Woolf divorced Quina and married for a third time, to Faith Young, with whom he retired to Los Angeles after selling his share of Recordgraph to his son. Several years later, they moved to Spokane, where Faith's daughters were, before returning to Salt Lake City in 1948 where they lived in an apartment in William's house. Woolf died February 22, 1950, of a heart attack.

== Electoral record ==

v; t; e; 1902 North-West Territories general election: Cardston
| Party | Candidate | Votes | % |
|  | Liberal | John William Woolf | 176 | 61.75 |
|  | Independent | Heber Simeon Allen | 109 | 38.25 |
| Total valid votes |  |  | 285 | 100.00 |
Source(s) "Saskatchewan Executive and Legislative Directory: North-West Territories: Council and Legislative Assembly, 1876–1905" (PDF).
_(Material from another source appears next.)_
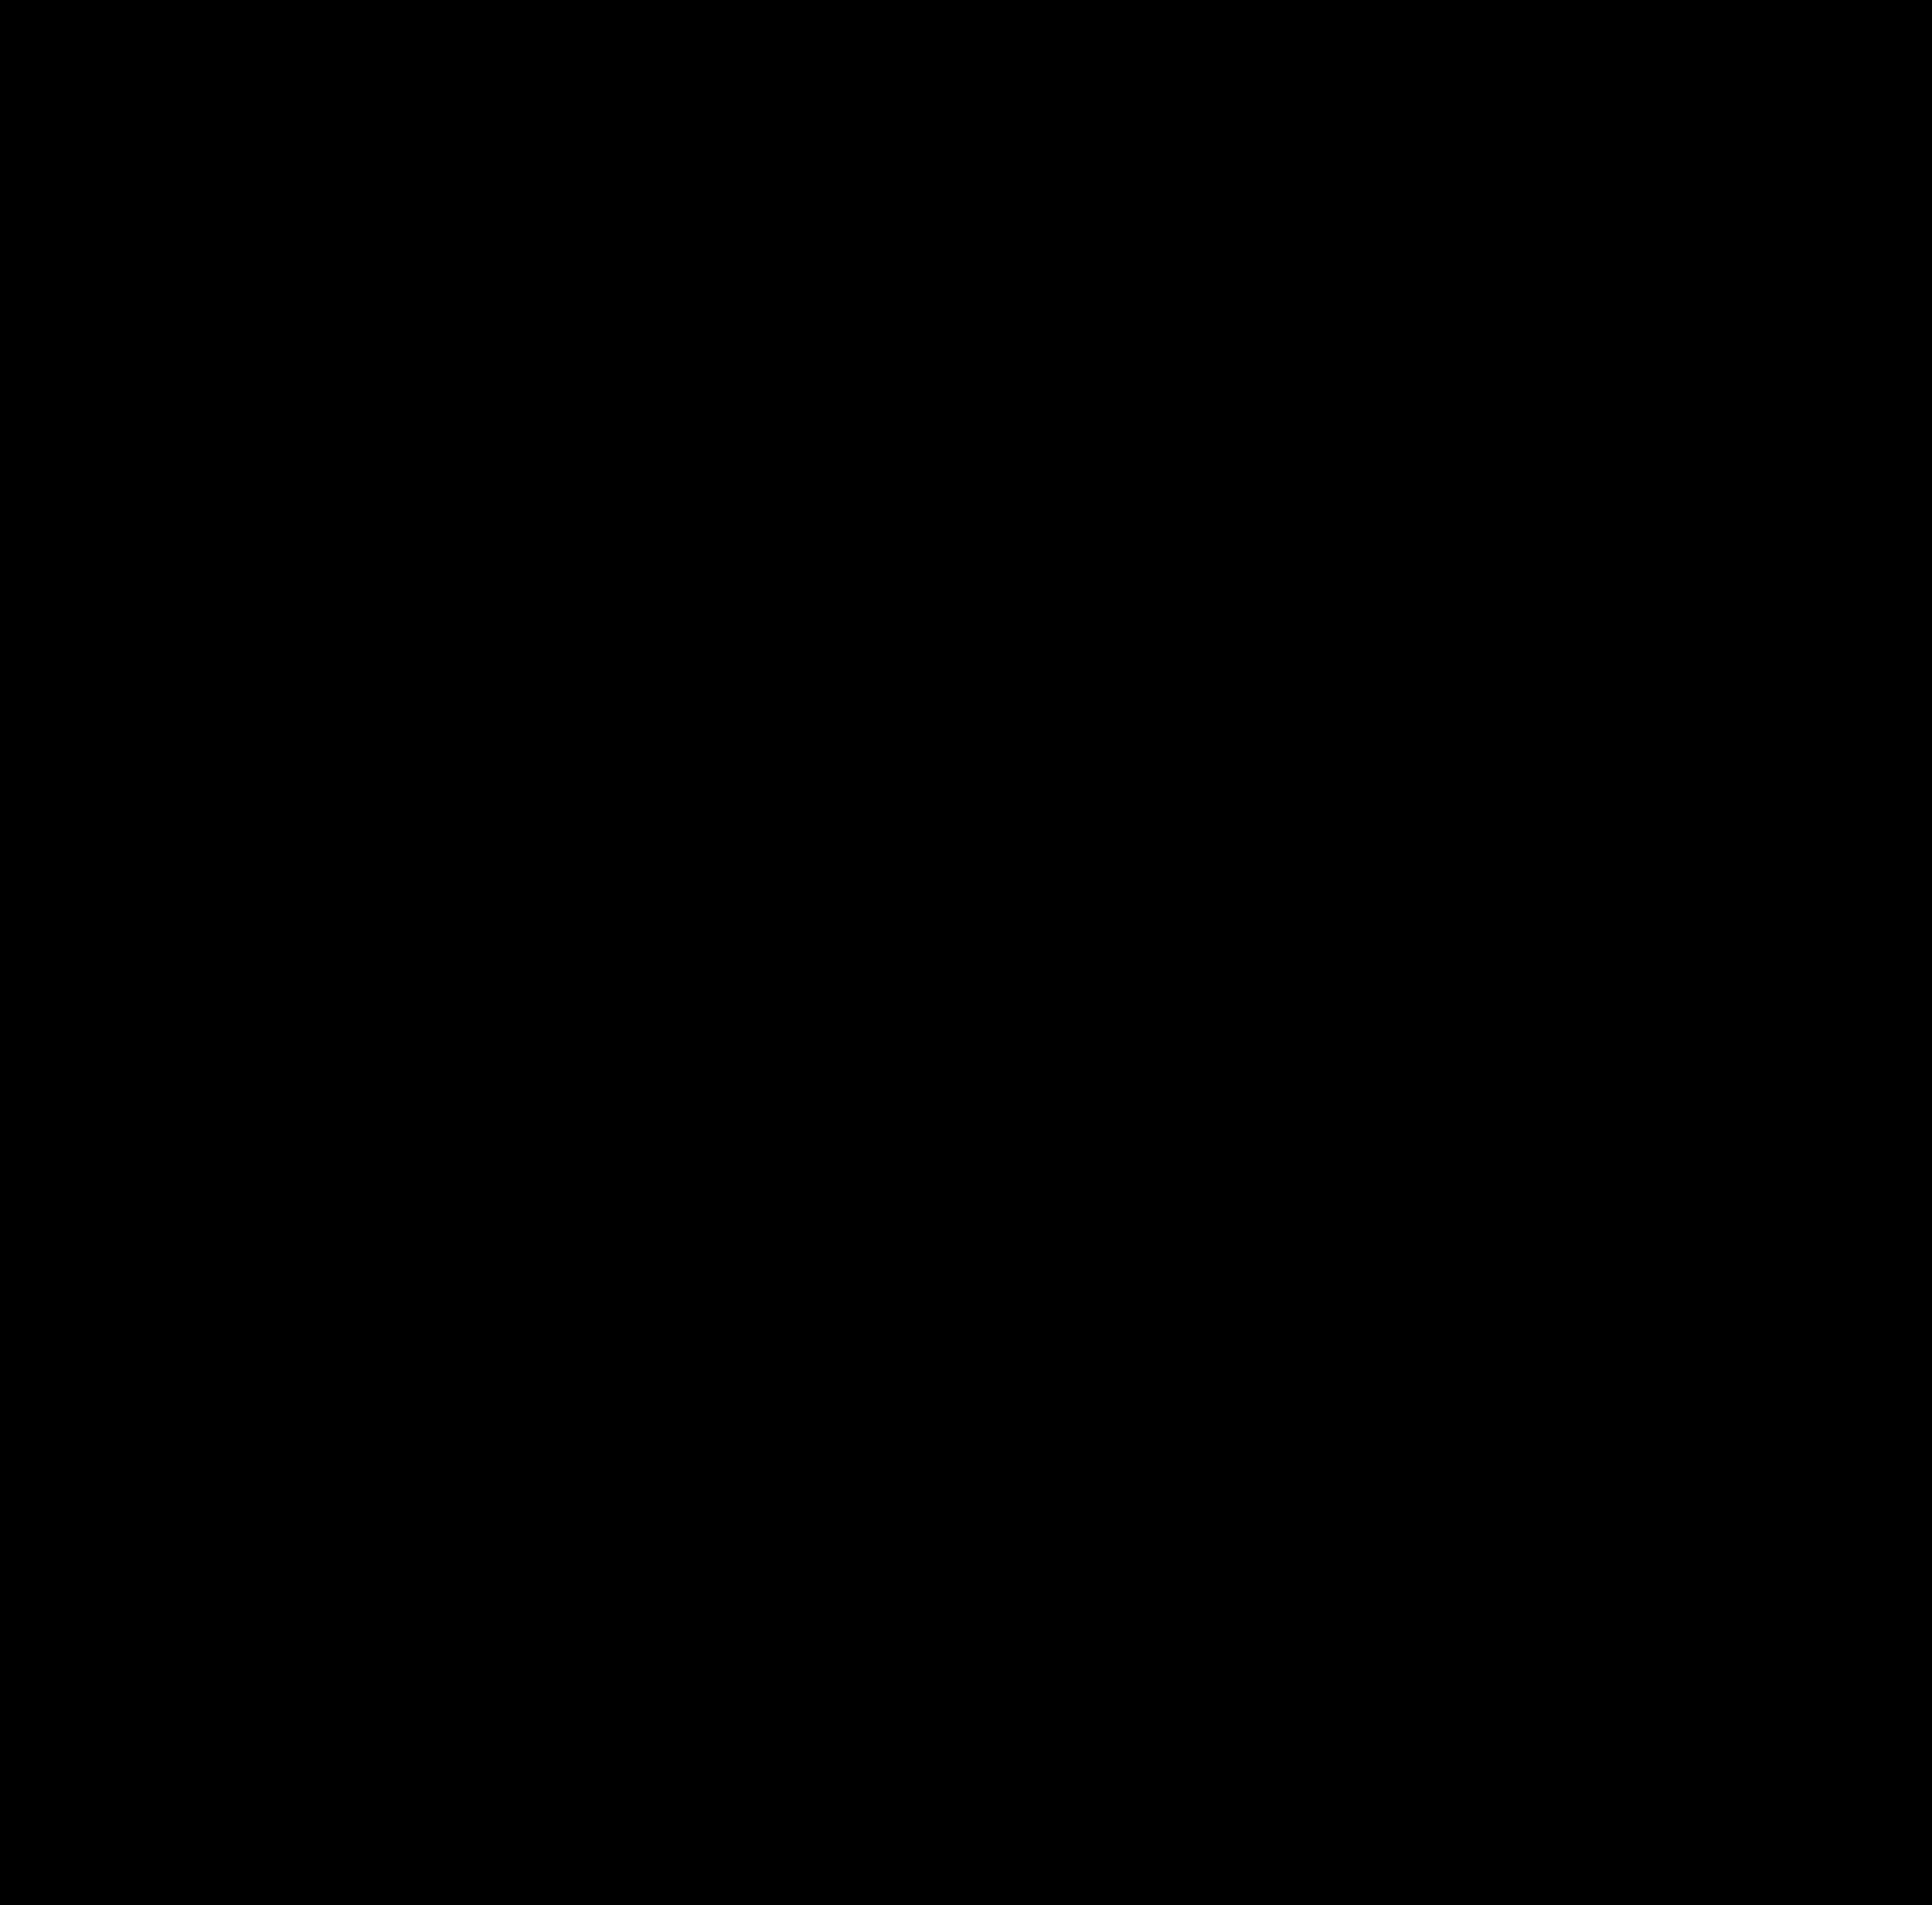 On Prem logo-black.png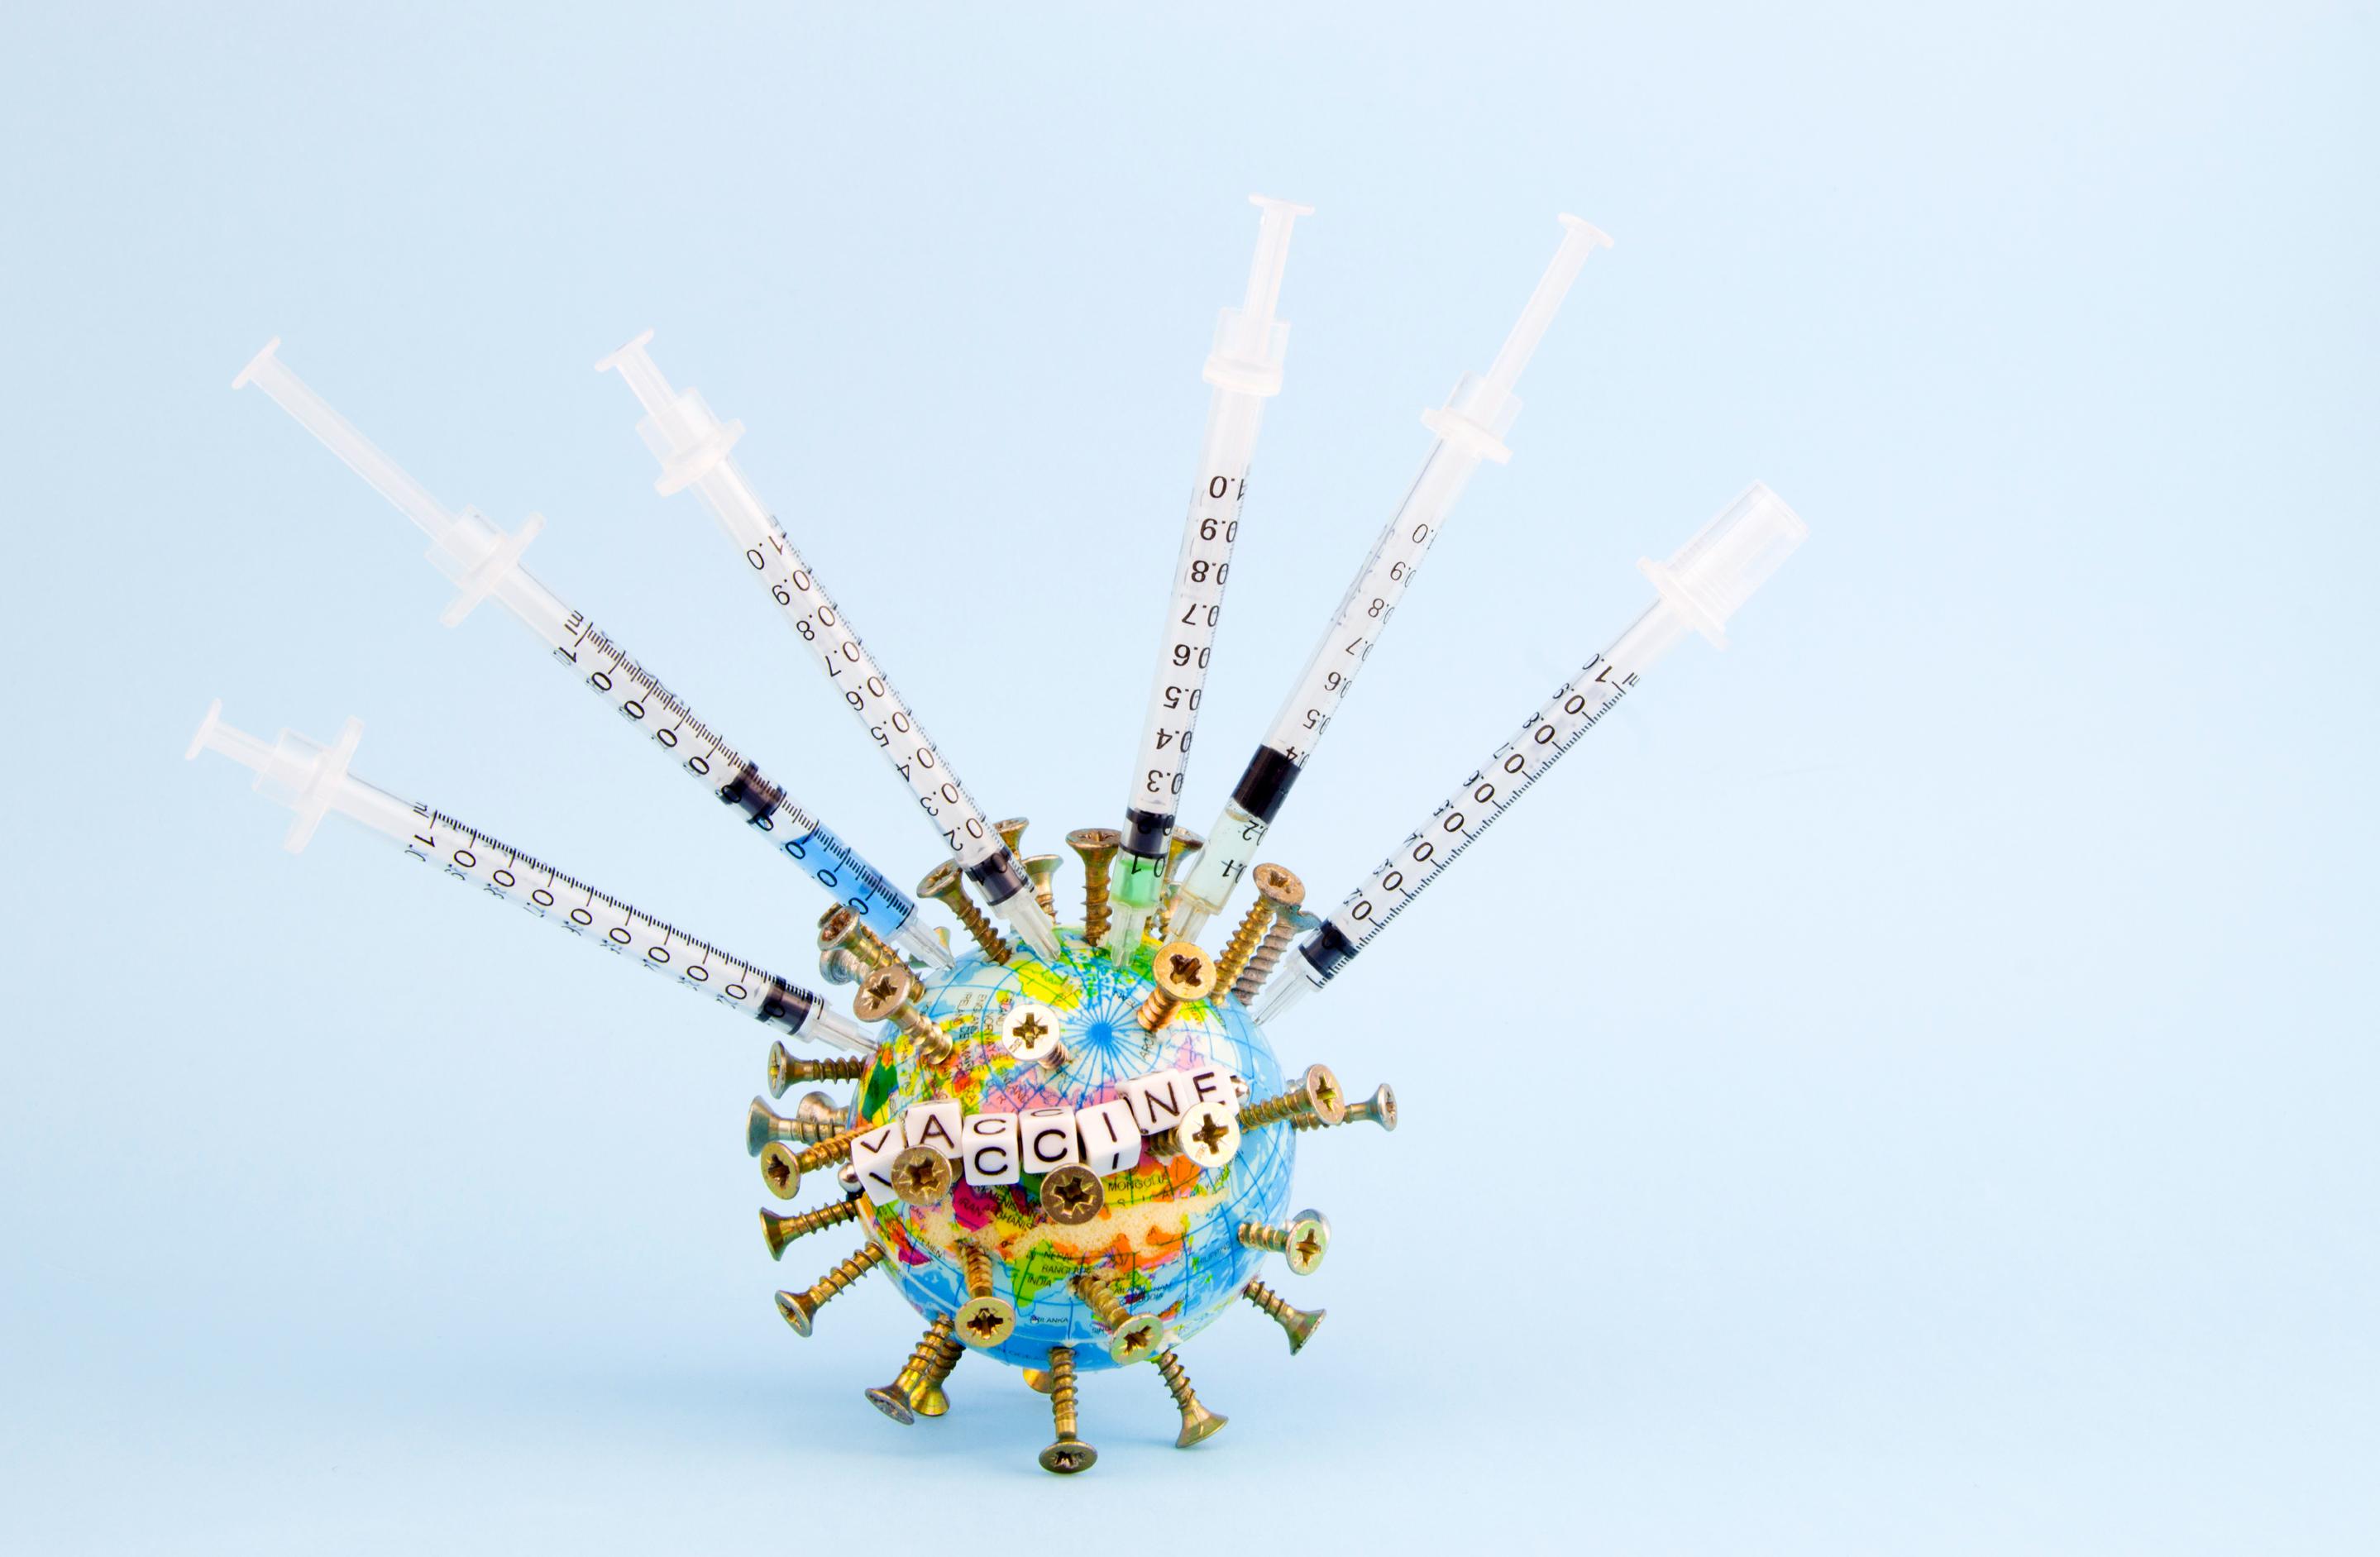 Rétrospective 2020 : La course aux vaccins, des airs de guerre froide .. (2/2)

Saskatchewan Archives Board. p. 23. Archived from the original (PDF) on September 27, 2011. Retrieved October 26, 2009.

v; t; e; 1905 Alberta general election: Cardston
| Party | Candidate | Votes | % | ±% |
|  | Liberal | John William Woolf | 480 | 69.57% | – |
|  | Conservative | John F. Parrish | 210 | 30.43% | – |
| Total |  |  | 690 | – | – |
| Rejected, spoiled and declined |  |  | N/A | – | – |
| Eligible electors / turnout |  |  | 690 | N/A | – |
|  | Liberal pickup new district. |  |  |  |  |  |  |
Source(s) Source: "Cardston Official Results 1905 Alberta general election". Alberta Heritage Community Foundation. Retrieved May 21, 2020.

v; t; e; 1909 Alberta general election: Cardston
| Party | Candidate | Votes | % | ±% |
|  | Liberal | John William Woolf | 521 | 57.44% | -12.12% |
|  | Conservative | Levi Harker | 386 | 42.56% | 12.12% |
| Total |  |  | 907 | – | – |
| Rejected, spoiled and declined |  |  | N/A | – | – |
| Eligible electors / turnout |  |  | N/A | N/A | – |
|  | Liberal hold |  | Swing |  | -12.12% |
Source(s) Source: "Cardston Official Results 1909 Alberta general election". Alberta Heritage Community Foundation. Retrieved May 21, 2020.